The single question ascertaining whether respondents had ever taken a class or course in how to manage their diabetes allows public health systems to monitor the percentage of adults with diabetes who receive DSME on a state and national level. There are two significant problems with using this question: first, one cannot determine the quality of and setting for DSME delivery; and, second, one cannot quantify DSME duration for each respondent. A state-added question included in the 2008 Florida BRFSS survey attempted to quantify DSME duration but did not attempt to ascertain DSME quality and setting. Respondents who indicated they had ever taken a course or class in how to manage diabetes were asked to respond to the state-added question listed in Table 1 (17). Of the 1,446 respondents with diagnosed diabetes, 1,445 (99.9%) had valid responses to the diabetes module’s DSME question, and 1,335 (92.3%) had valid responses to the state-added DSME duration question. To our knowledge, Florida is the only state that has used this state-added question.
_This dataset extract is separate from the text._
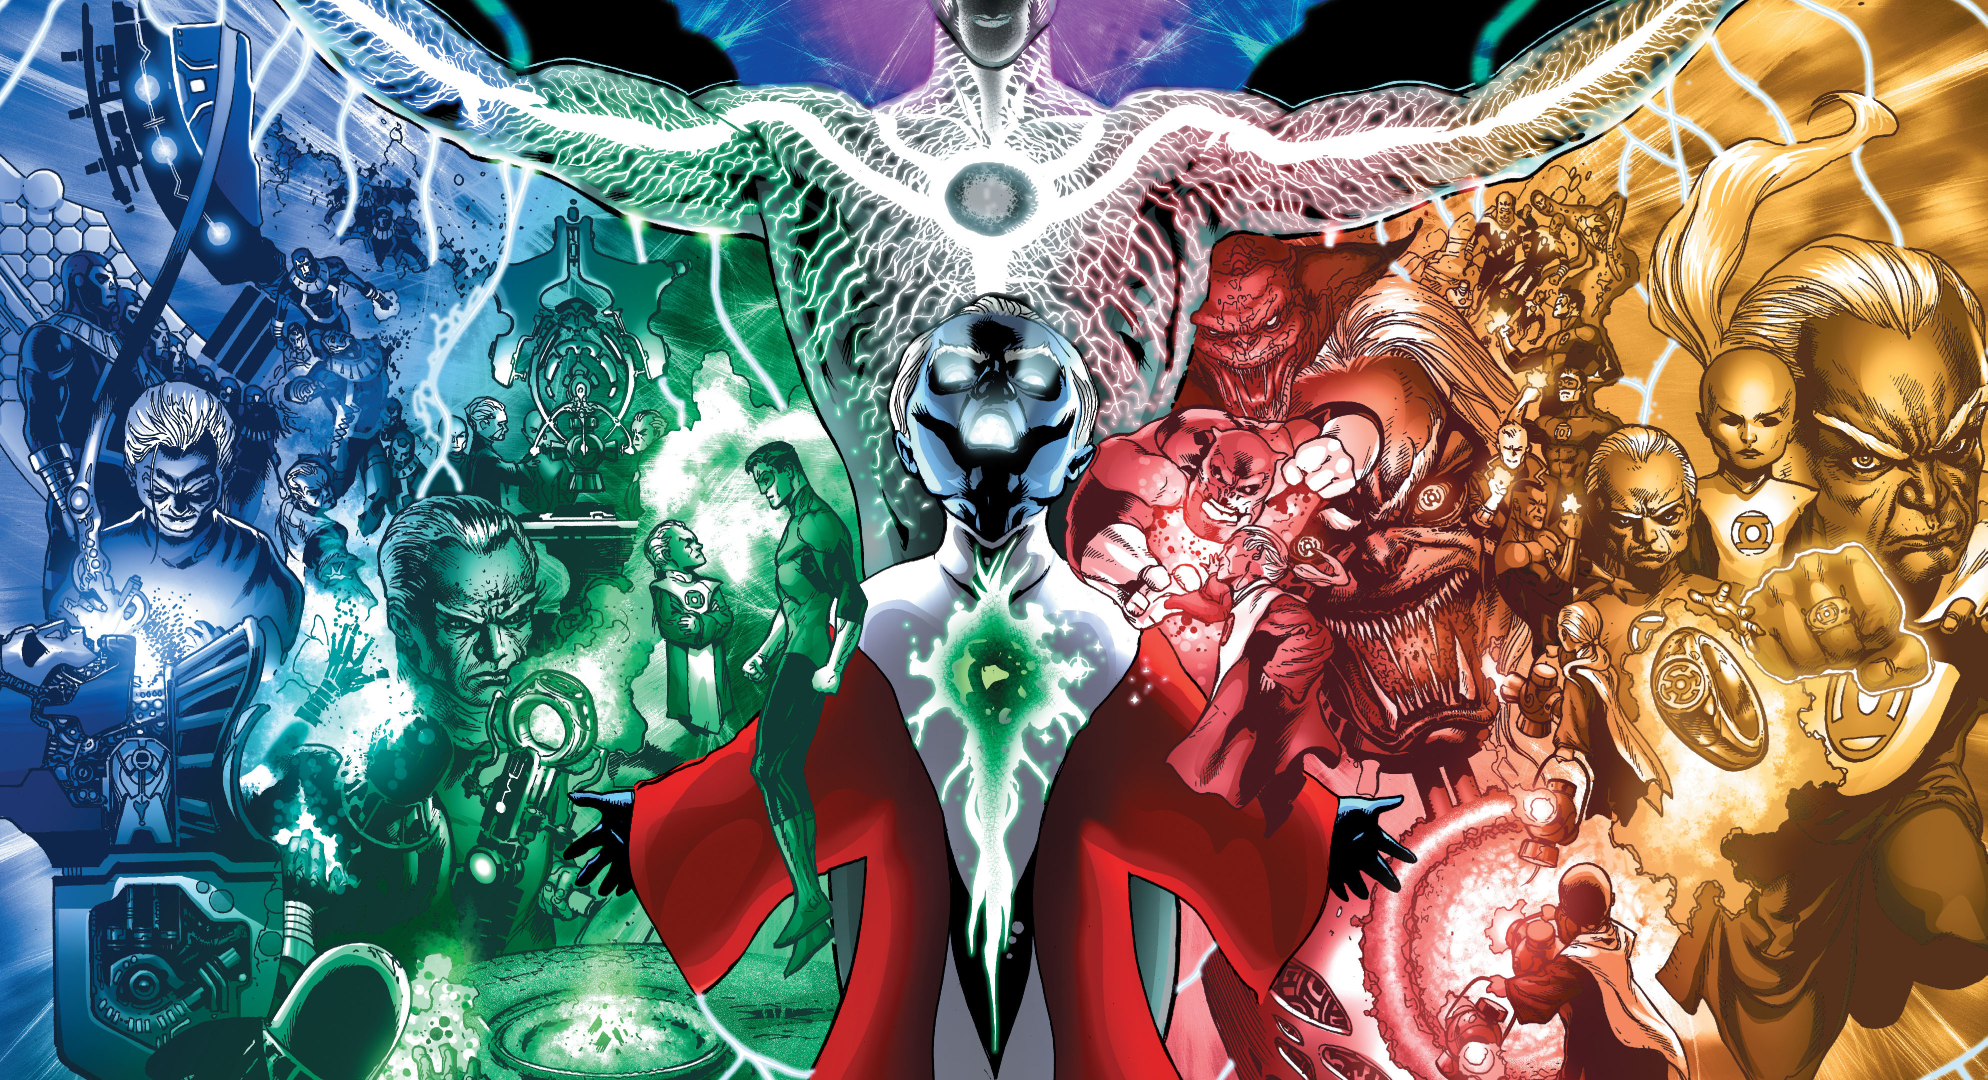 Wrath Of The First Lantern #9

From the responses to this added question, the independent variable of interest, DSME duration, was categorized in the following manner: no DSME, >0 to <4 hours, 4–10 hours, and >10 hours. Several dichotomous (yes/no) dependent variables were examined using data from corresponding questions listed in Table 1: engaged in self-monitoring of blood glucose (SMBG) at least once per day on average (engaged in SMBG); received at least one dilated retinal exam in the past year (annual eye exam); received at least one foot exam by a health care professional in the past year (annual foot exam); received at least two A1C tests in the past year (two HbA1c tests); received an influenza vaccination either by injection or spray in the past year (annual flu shot); ever received a pneumococcal vaccination (one-time pneumococcal); and uses insulin. For each of the dependent variable questions, “don’t know” and “refused” were response options on the survey that were treated as missing data in the analyses. The data were weighted to account for nonresponse and were managed using SAS version 9.2 (SAS, Cary, N.C.). Descriptive, χ2, and logistic regression analyses were conducted using SUDAAN version 11.0 (SUDAAN, Research Triangle Park, NC).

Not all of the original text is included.